2.1. Study Design and Population

This single-center, retrospective, cross-sectional observational study included adult patients who underwent 24 h ambulatory blood pressure monitoring (ABPM) between January 2022 and September 2025 at the Cardiology Department of Karaman Training and Research Hospital. Clinical, laboratory, and ABPM data were obtained from the institutional electronic medical records. The study was conducted in accordance with the Declaration of Helsinki and approved by the Clinical Research Ethics Committee of Karamanoğlu Mehmetbey University Faculty of Medicine (date: 16 October 2025, decision no: 24-2025/21). Because of the retrospective design, informed consent was waived. All data were anonymized.

2.2. Inclusion and Exclusion Criteria

Eligible participants were adults aged ≥ 18 years with valid 24 h ABPM recordings (≥70% valid measurements) and concurrent fasting triglyceride and glucose analyses. Exclusion criteria included secondary hypertension, acute coronary syndrome, heart failure, severe systemic disease, acute infection, thyroid dysfunction, electrolyte imbalance, pregnancy, invalid ABPM data, or missing laboratory results.

2.3. Ambulatory Blood Pressure Monitoring

ABPM was performed using a validated oscillometric device (Mobil-O-Graph, IEM GmbH, Stolberg, Germany), programmed for automated measurements every 15 min during daytime and every 30 min during nighttime. ABPM was performed under usual clinical conditions. For patients receiving antihypertensive therapy, recordings were obtained while on stable medication regimens without recent dose changes; however, the exact timing of medication intake relative to ABPM initiation was not protocolized.

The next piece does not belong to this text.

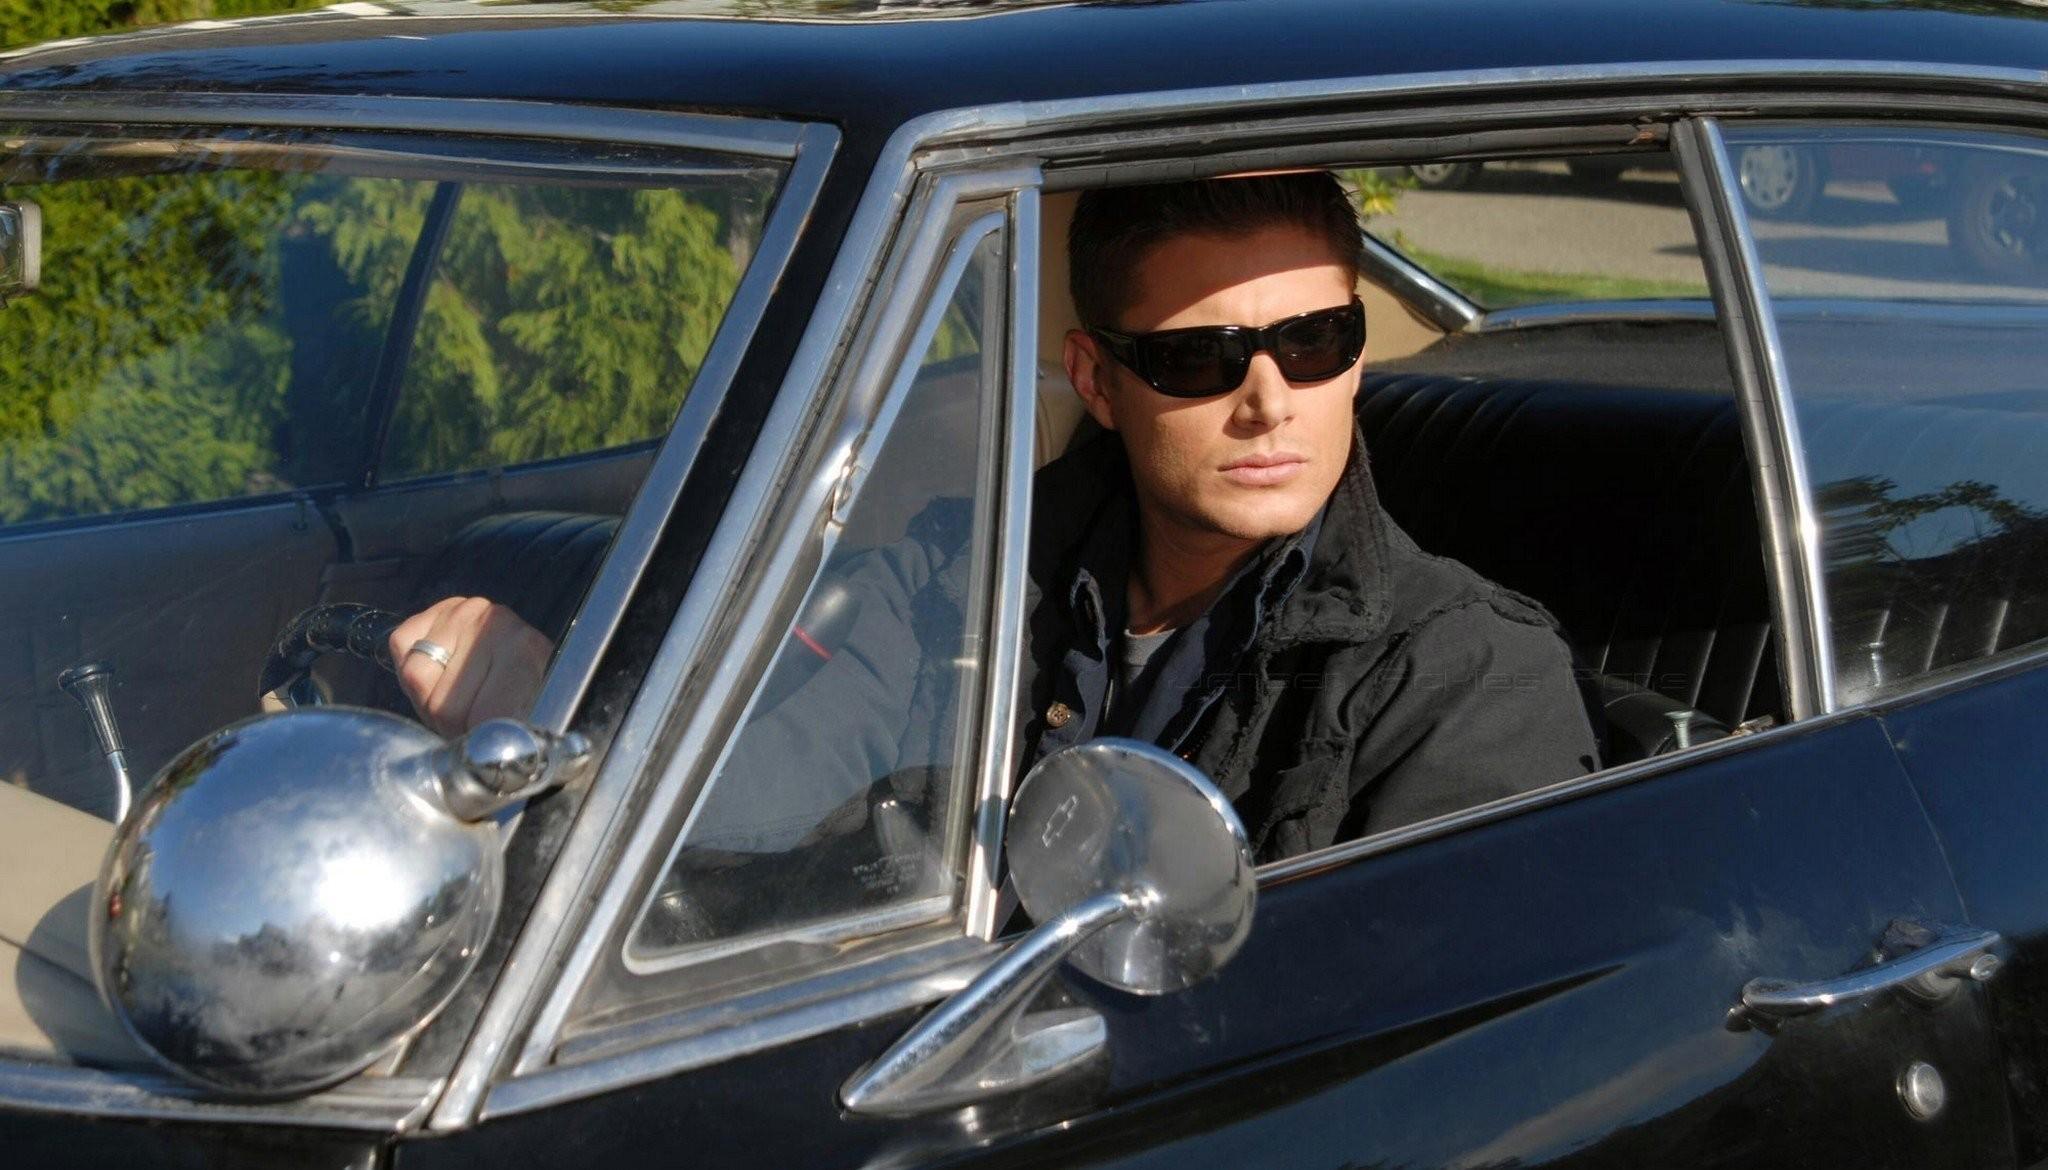 supernatural dean winchester jensen ackles impala sunglasses smile
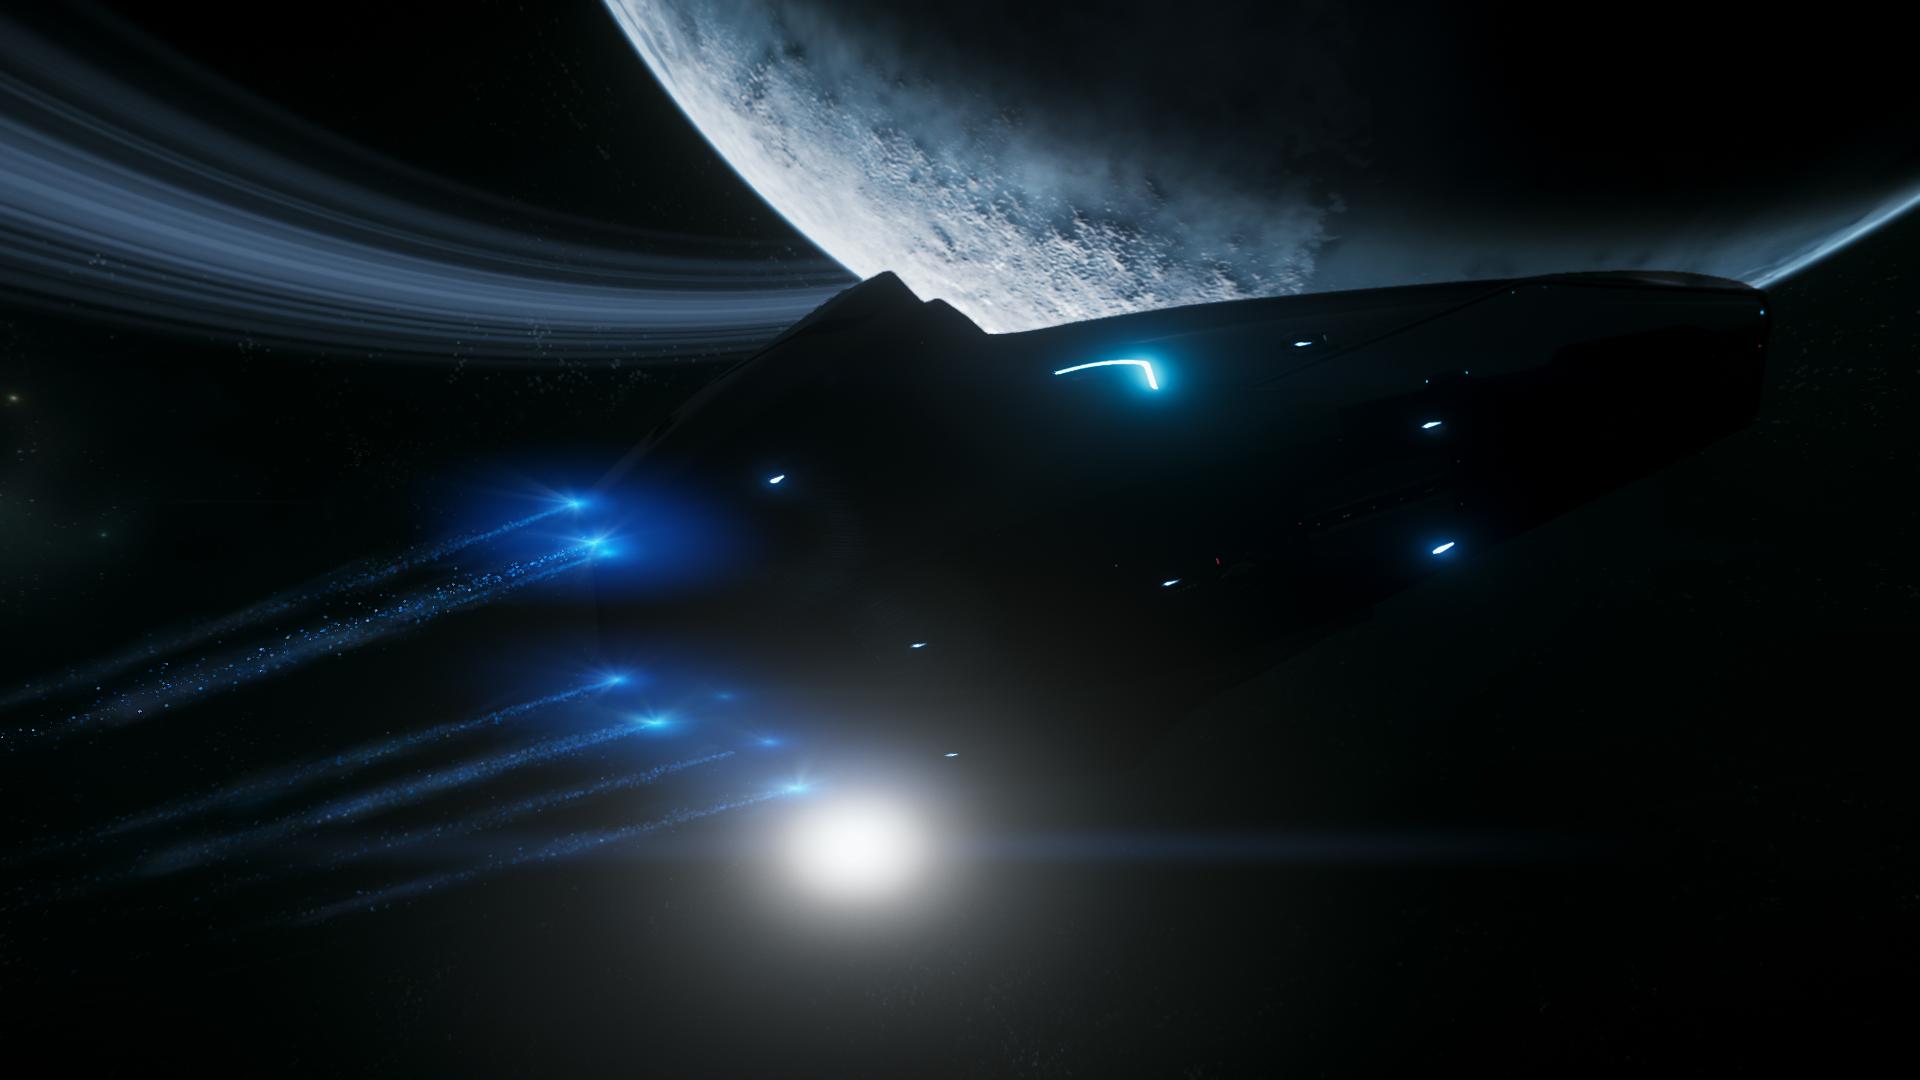 Squadron 42 - Star Citizen Screenshot 2018.08.06 - 19.27.33.21.png

According to the 2024 ESC Hypertension Guidelines [17], ambulatory hypertension was defined as a mean 24 h systolic blood pressure (SBP) ≥ 130 mmHg and/or diastolic blood pressure (DBP) ≥ 80 mmHg, daytime hypertension as a mean SBP ≥ 135 mmHg and/or DBP ≥ 85 mmHg, and nighttime hypertension as a mean SBP ≥ 120 mmHg and/or DBP ≥ 70 mmHg. Based on ABPM recordings, circadian blood pressure pattern and variability metrics were evaluated as follows: a non-dipping pattern was defined as a nocturnal SBP reduction of less than 10%; blood pressure variability was assessed using the 24 h systolic BP standard deviation (SD) and average real variability (ARV); morning surge was calculated as the difference between the mean SBP during the first two hours after awakening and the lowest nighttime SBP; the smoothness index (SI) was derived from the 24 h SBP profile; and the arterial stiffness surrogate index (AASI) was calculated from the regression slope of DBP on SBP based on ABPM recordings.

Fasting plasma glucose and triglyceride levels were obtained from routine biochemical analyses. The triglyceride–glucose (TyG) index was calculated using the following formula:

TyG = ln[(Triglyceride (mg/dL) × Glucose (mg/dL))/2]

The TyG index was analyzed as a continuous variable, as a z-score–standardized variable (TyG_z) for combined burden analyses, and as quartiles (Q1–Q4) for categorical comparisons.

Arterial burden was defined using ABPM-derived vascular stiffness and hemodynamic instability parameters, including high ambulatory arterial stiffness index (AASI), low smoothness index, and excessive morning blood pressure surge. To avoid circularity and incorporation bias, non-dipping status and high systolic blood pressure variability were not included in the arterial load score and were exclusively analyzed as outcome variables. Each component contributed one point, yielding an arterial load score ranging from 0 to 3. Patients were classified as having low arterial load (0–1 points) or high arterial load (2–3 points). To quantify the combined cardiometabolic burden, a continuous composite score was calculated by summing the standardized TyG index (TyG_z) and the arterial load. For interaction-based categorical analyses, participants were further stratified into four groups according to metabolic and arterial burden status: low TyG–low arterial load, high TyG–low arterial load, low TyG–high arterial load, and high TyG–high arterial load (double-high phenotype).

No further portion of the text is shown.